The State Department and CIA’s “mighty Wurlitzer” has focused on gaining control of Europe’s Social Democratic and Labour parties, anticipating that the great threat to U.S.-centered finance capitalism will be socialism. That has included the “green” parties, to the point where their pretence of opposing global warming is shown to be hypocritical in light of the vast carbon footprint and pollution of the NATO military warfare in Ukraine and related air force and naval exercises. You can’t be pro-environment and pro-war at the same time!
This has left the right-wing nationalist parties less influenced by U.S. political meddling. That is where the opposition to NATO is coming from, as in France and Hungary.
And in the United States itself, the only votes against the new $30 billion contribution to military spending against Russia came from Republicans. The entire “left wing” Democratic Party “squad” voted for the war spending.
The Social Democratic parties are basically bourgeois parties whose supporters have hopes of rising into the rentier class, or at least becoming stock and bond investors in miniature. The result is that neoliberalism has been led by Tony Blair in Britain and his counterparts in other countries. I discuss this political alignment in The Destiny of Civilization.
U.S. propagandists call governments that keep natural monopolies as public utilities “autocratic.” To be “democratic” means to let U.S. firms by control of these commanding heights, being “free” of government regulation and taxation of finance capital. So “left” and “right,” “democracy” and “autocracy,” have become an Orwellian Doublespeak vocabulary sponsored by America’s oligarchy (which it euphemizes as “democracy”).
Could the war in Ukraine be a landmark to show a new geopolitical map in the world? Or is the neoliberal New World Order on its rise? How do you see it?
As I explained in your Question #1, the world is being split into two parts. The conflict is not merely national by the West against the East, but is a conflict of economic systems: predatory finance capitalism against industrial socialism aiming at self-sufficiency for Eurasia and the SCO.
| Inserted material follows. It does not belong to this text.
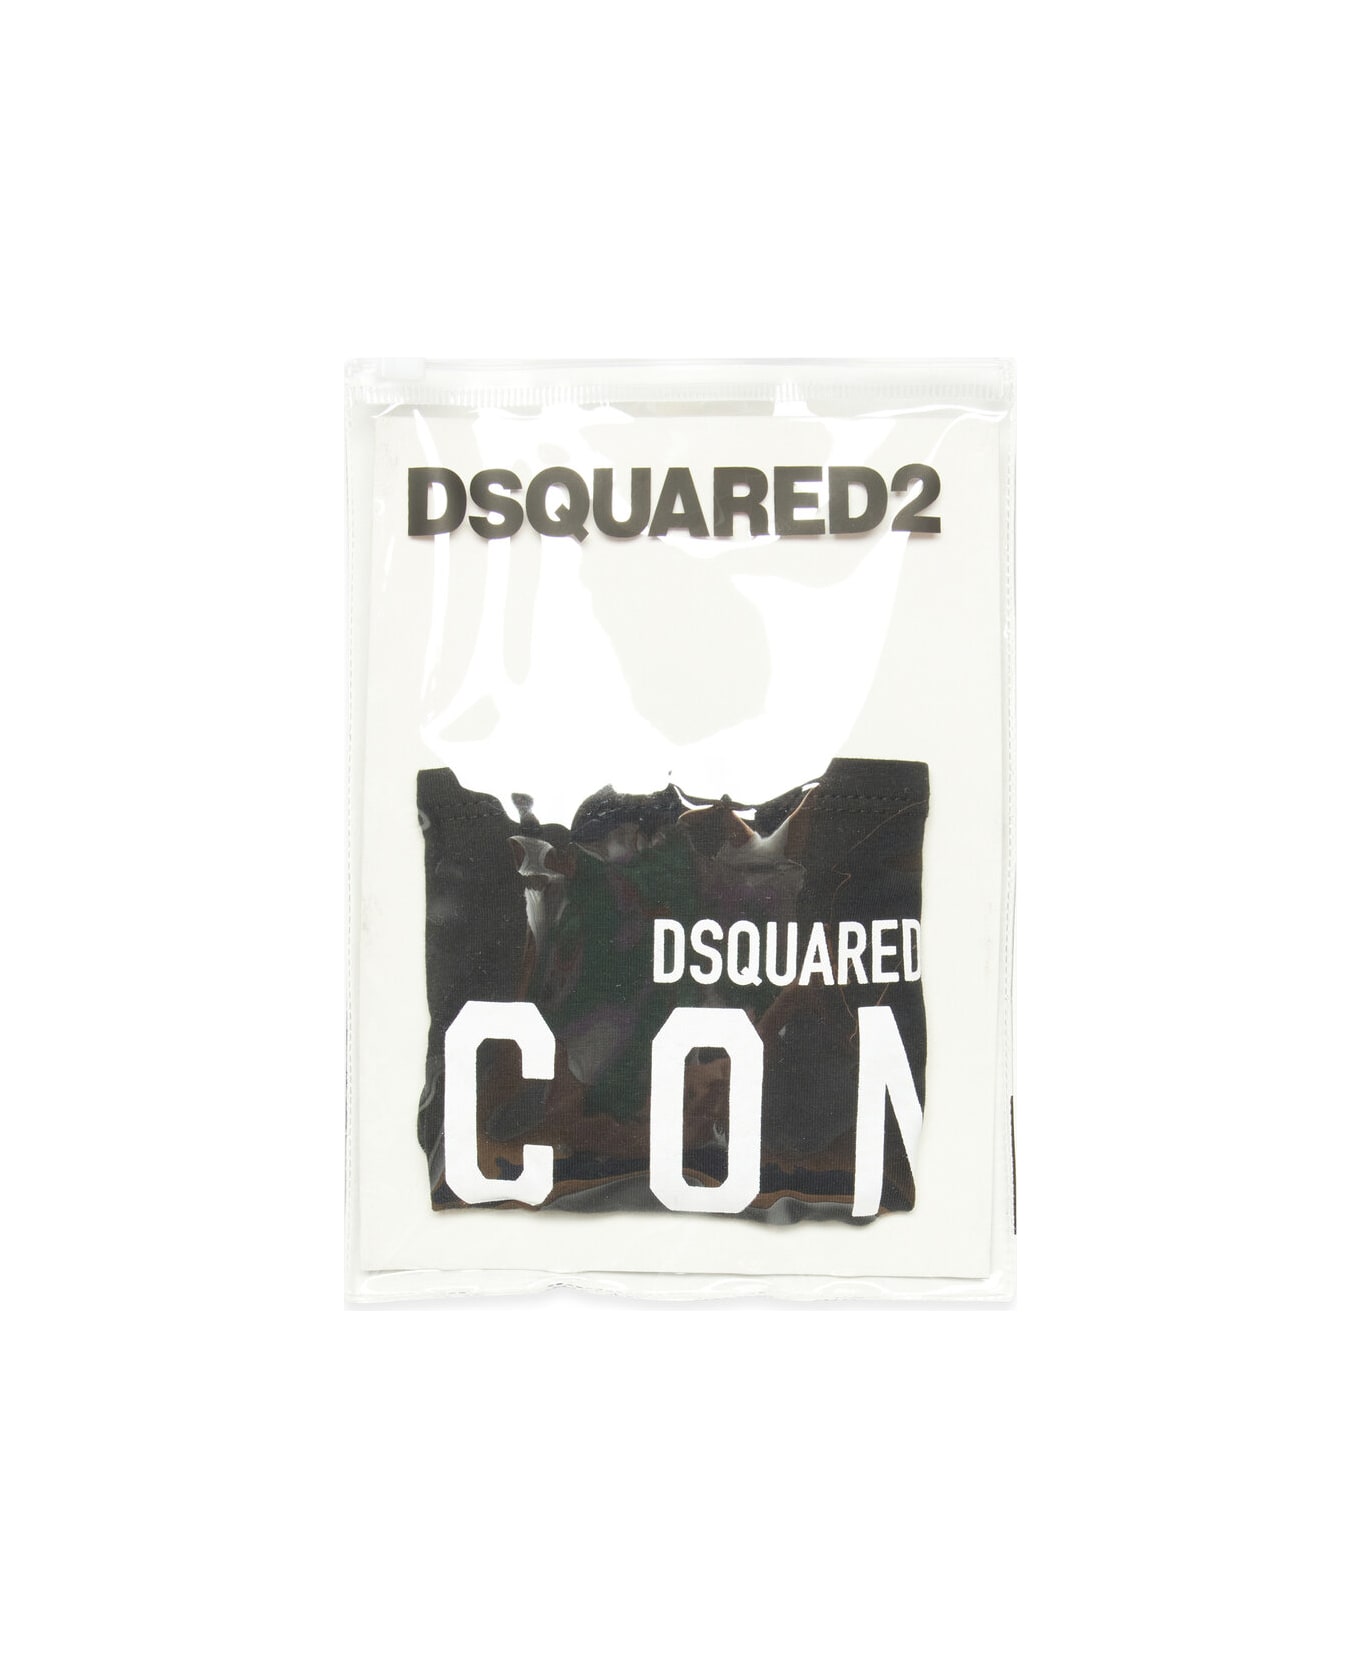 Dsquared2 D2uf3f-icon Uw Panties Dsquared Black Jersey Panties With Icon Logo - Black

The non-aligned countries were not able to “go it alone” in the 1970s because they lacked a critical mass to produce their own food, energy and raw materials. But now that the United States has de-industrialized its own economy and outsourced its production to Asia, these countries have an option not to remain dependent of U.S. Dollar Diplomacy.
Mit Prof. Hudson sprach Alexander Boos für die "ViER.".
Michael Hudson wurde am 13. März 1939 in Chicago geboren. Sein Patenonkel war der russische Revolutionär Leo Trotzki. Nach seiner Doktorarbeit studierte er den Finanzkapitalismus als Angestellter der Chase Manhattan Bank. 1972 publizierte Hudson sein Hauptwerk »Super Imperialism«, das 2017 unter dem Titel „Finanzimperialismus – Die USA und ihre Strategie des globalen Kapitalismus“ auf Deutsch erschien. Darin arbeitete er heraus, dass sich die USA nach der Lösung vom Goldstandard vom Gläubiger zum Schuldner der übrigen Welt entwickelten. Staaten, die ihre Ersparnisse in US-Staatsanleihen anlegten, finanzierten dadurch den Rüstungshaushalt Washingtons. Hudson erhielt einen Großauftrag vom Verteidigungsministerium, um den Beamten zu erklären, wie der US-Imperialismus funktioniert.
Ab 1979 arbeitete Hudson für das Ausbildungs- und Forschungsinstitut der Vereinten Nationen. Er gründete das »Institute for the Study of the Establishment of Long-Term Economic Trends«. Hudson war einer von nur wenigen Ökonomen, die öffentlich vor der Finanzkrise 2007 warnten, infolge derer er neben dem Anthropologen David Graeber zu einem Vordenker der Bewegung »Occupy Wall Street« avancierte. Im Zuge der Euro-Krise beriet er die Regierungen von Island und Lettland. In China lehrt er an der »Peking Universität« in Beijing.